Bambamber · 17/09/2017 21:39

You're emotionally drained because he is emotionally abusing you. He has already been violent a couple of times in the past. Please get out before it escalates. The fact you daughter laughed at such an awful comments makes it seem as though she's conditioned to such verbal abuse and my even see it as normal. If you don't get out for your own sake, do it for your daughter or she may grow up thinking it's normal to treat people in such a manner.
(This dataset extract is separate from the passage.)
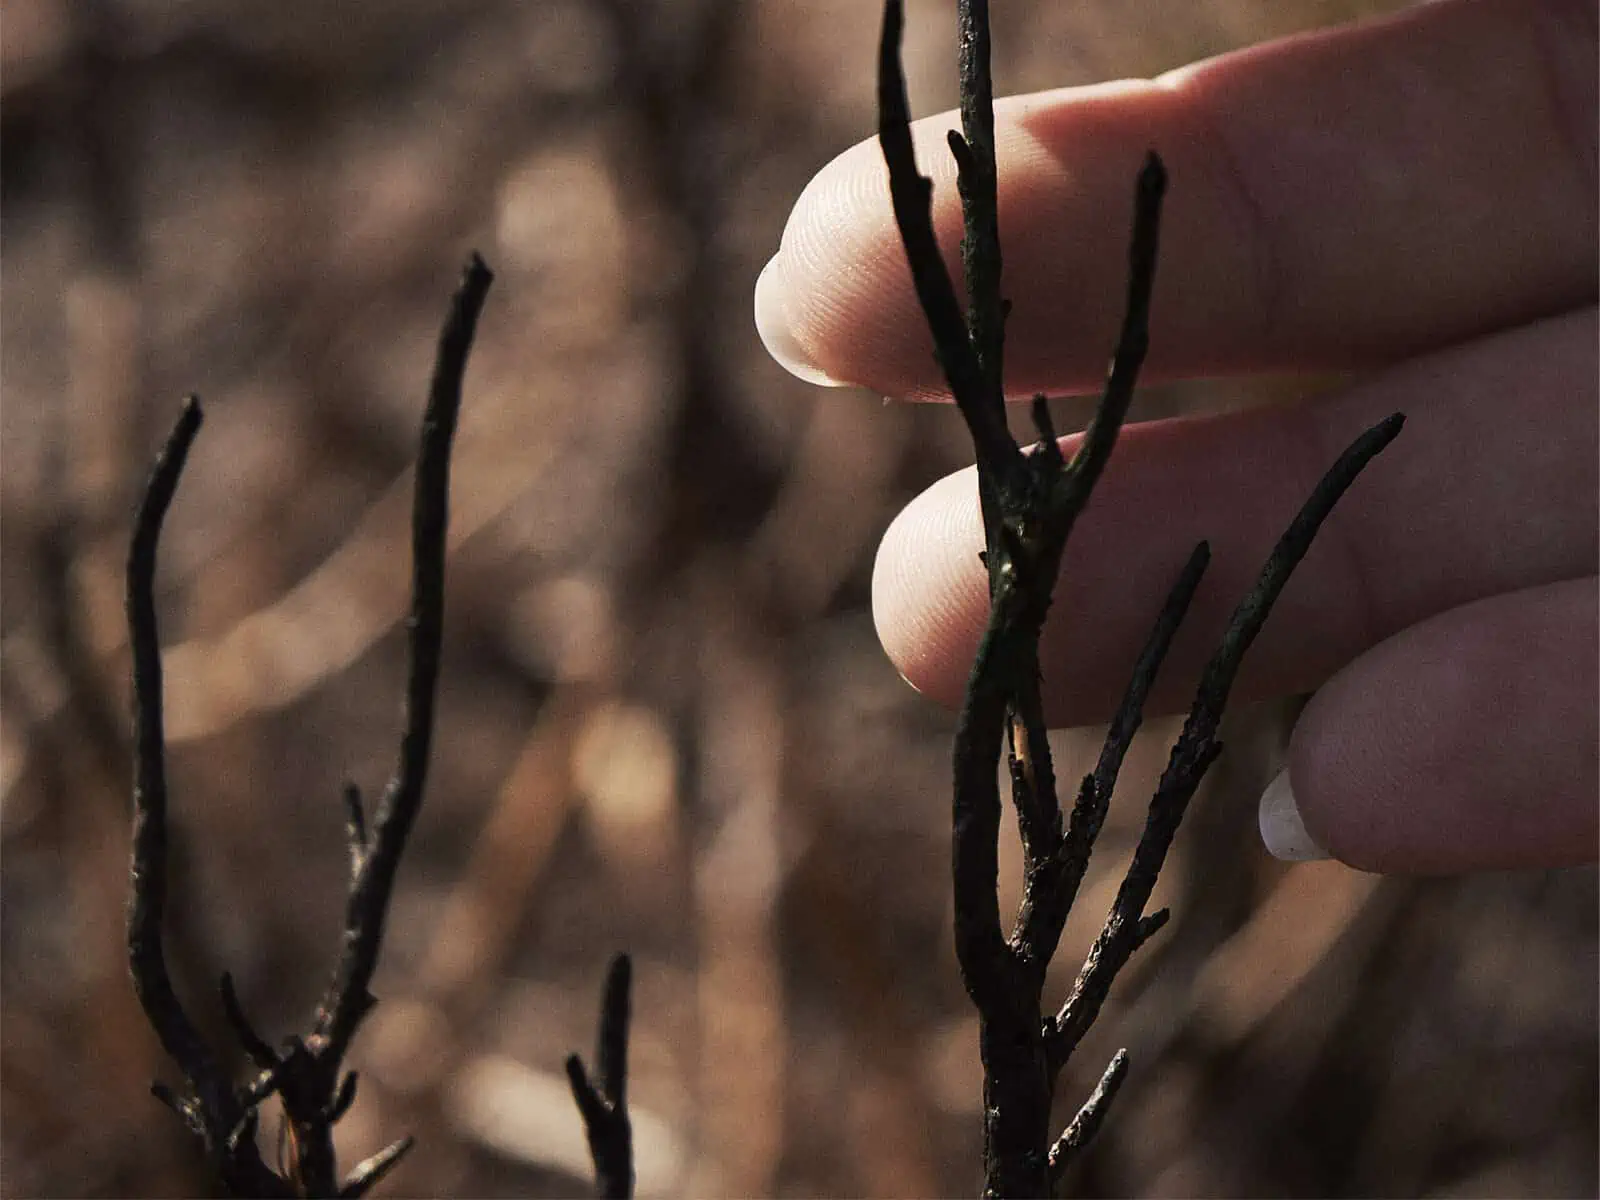 Image description: A landscape image. A close up of Fay’s hand holding a burnt strand of twig from a forest fire. The hand is on the right side of the image and in the background is out of focus foliage.

I suspect he didn't have a breakdown at all. It comes across as emotional blackmail to make you stay. He shows no sign of wanting to change so the situation isn't going to get better

Walkingdead11 · 17/09/2017 21:52

My ex has BPD, please, for your own sake get out, he will never change. He's completly manipulated you into staying with him but he is not your responsibility. I've been trying to get away from mine for years but they are masters of manipulation. Get rid!

PigletWasPoohsFriend · 17/09/2017 22:00

Please don't stereotype everyone with BPD.
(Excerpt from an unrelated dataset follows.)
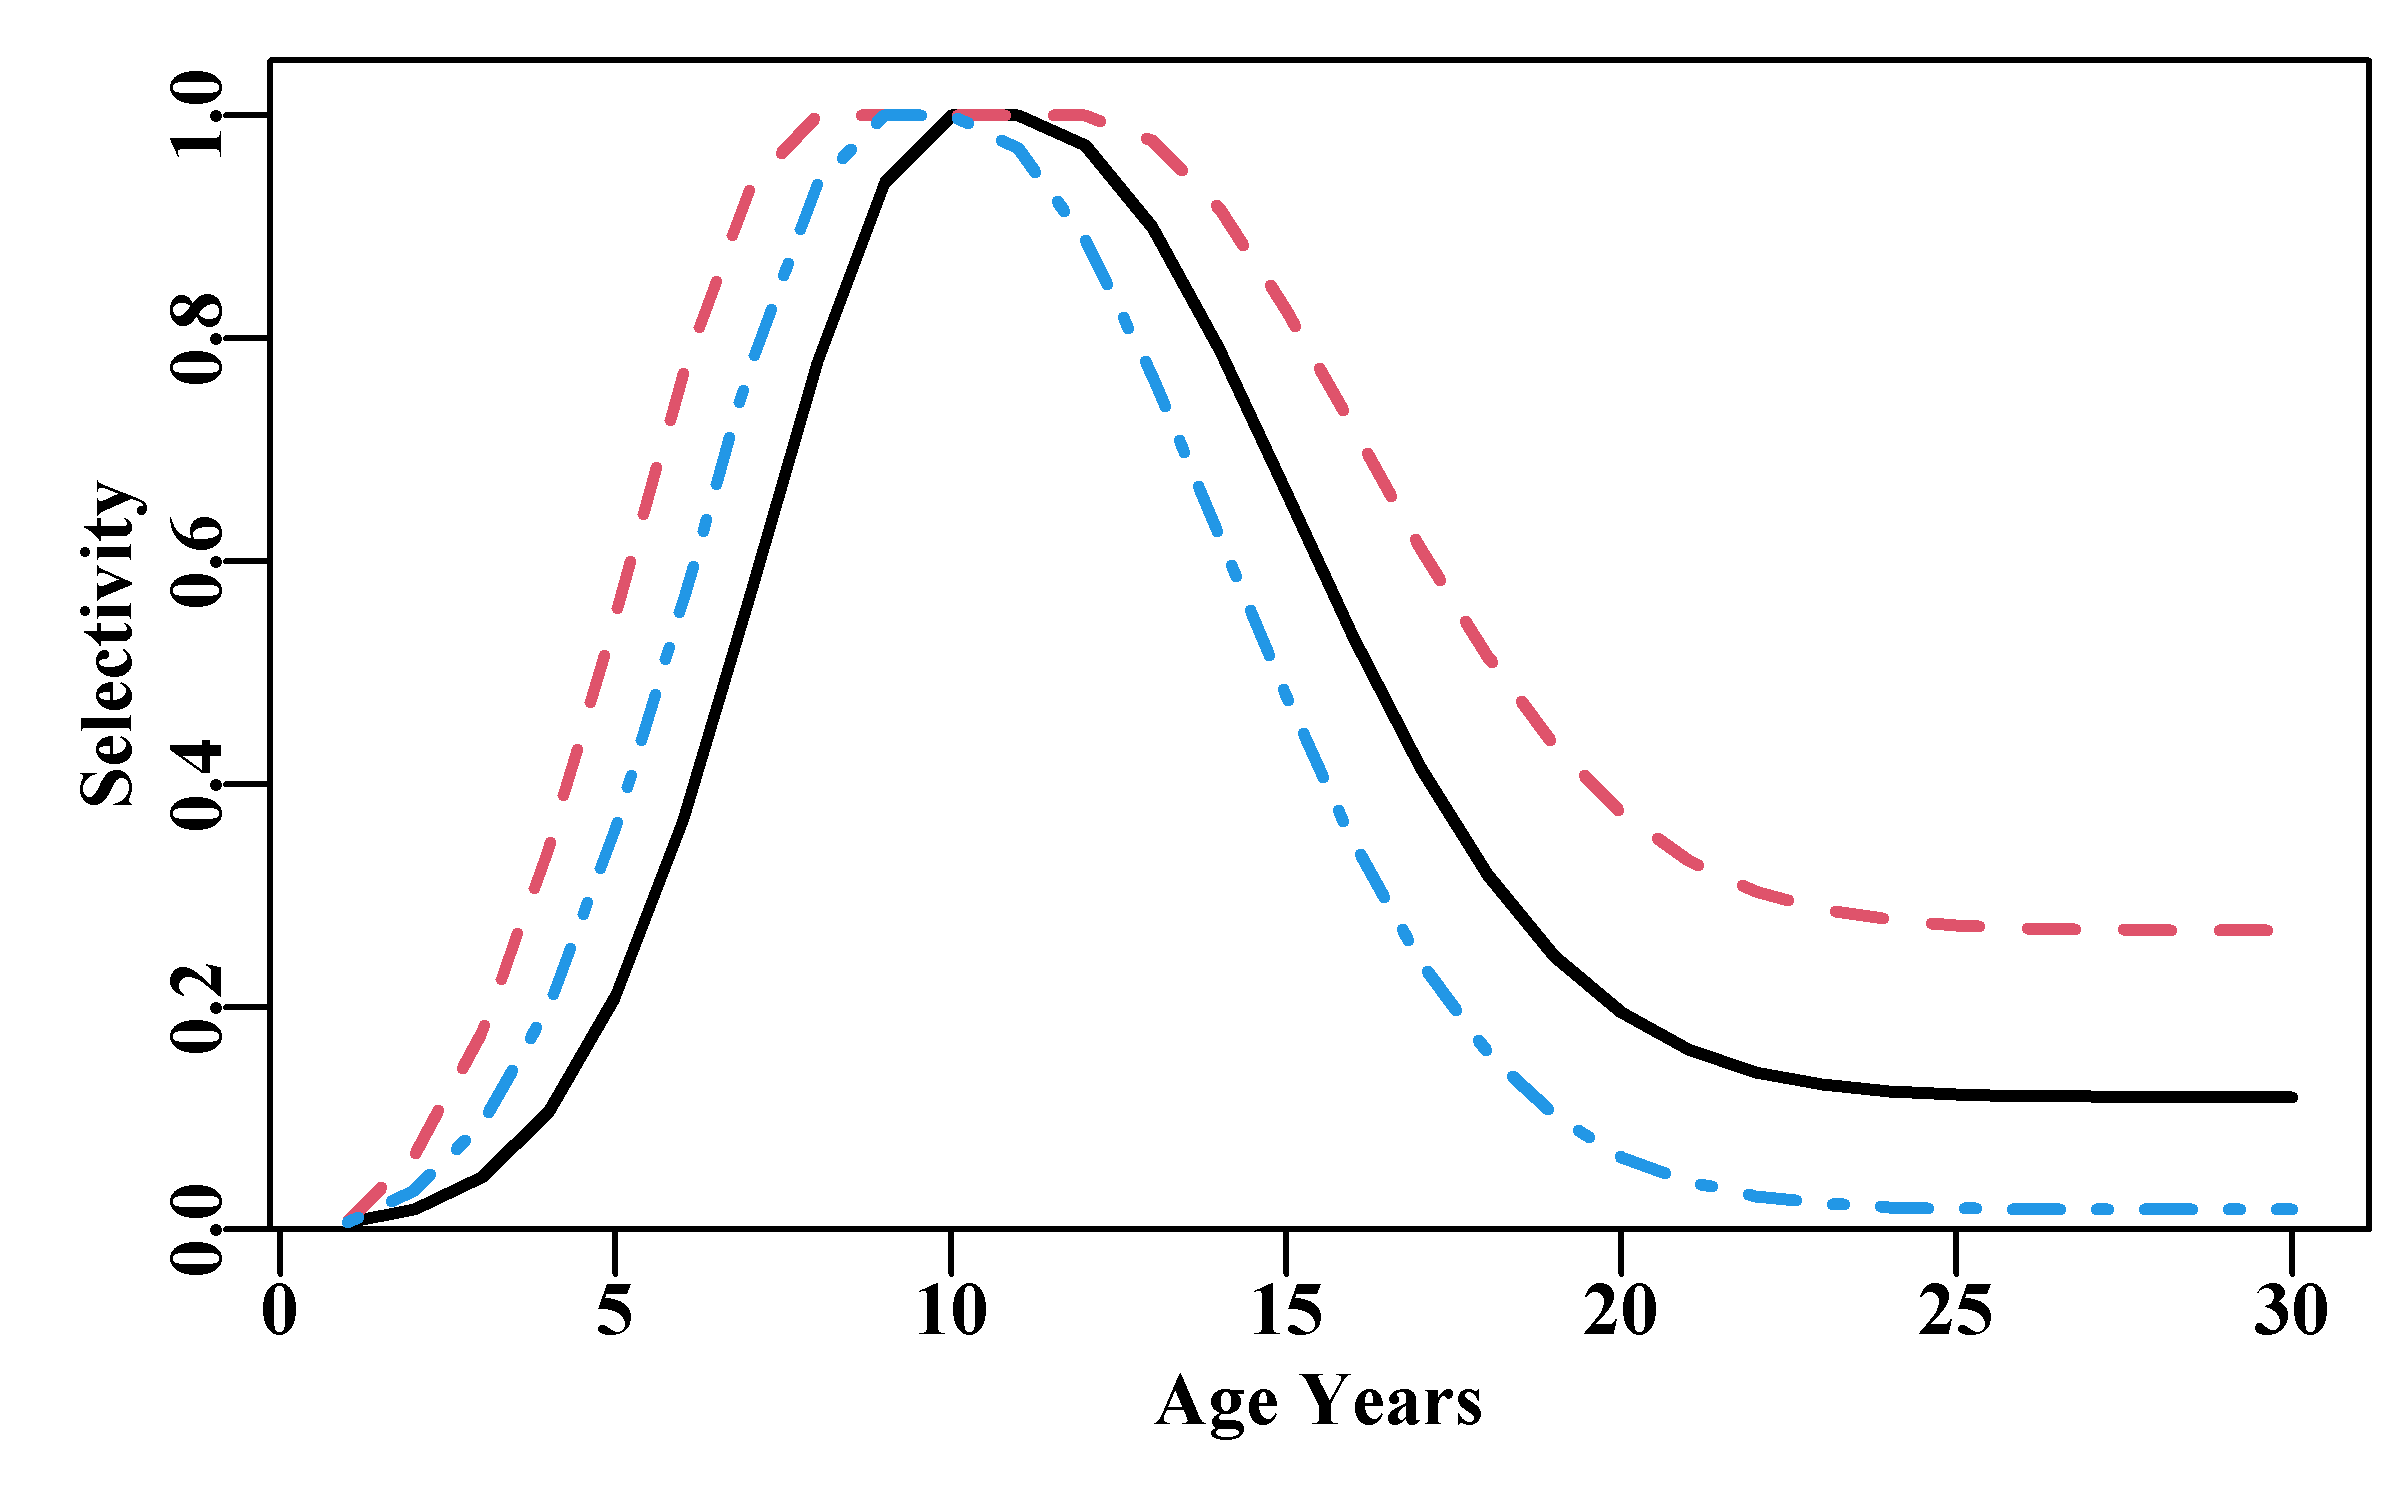 Three examples of domed-shaped selectivity curves produced by the function domed(), with changes to the initial age at achieving a selectivity of 1.0 (10, 8, 9), and the age (11, 12, 10) at which that stops, as well as the selectivity of the final age class.

Walkingdead11 · 18/09/2017 08:24

Who's stereotyping? The behaviour by the OP's husband is typical of some with the condition.

PigletWasPoohsFriend · 18/09/2017 08:59

The behaviour by the OP's husband is typical of some with the condition.

Clue is the word some.

MulberryTree47 · 18/09/2017 09:02

Is this actually a wind up? What kind of person tolerates that behaviour? Honestly, I am speechless.

kittybiscuits · 18/09/2017 09:08

Just as a starter for 10, are we talking about Bipolar Disorder or Borderline Personality Disorder? I am very uncomfortable with a snapshot of an individual being cited as typical of any specific MH issue.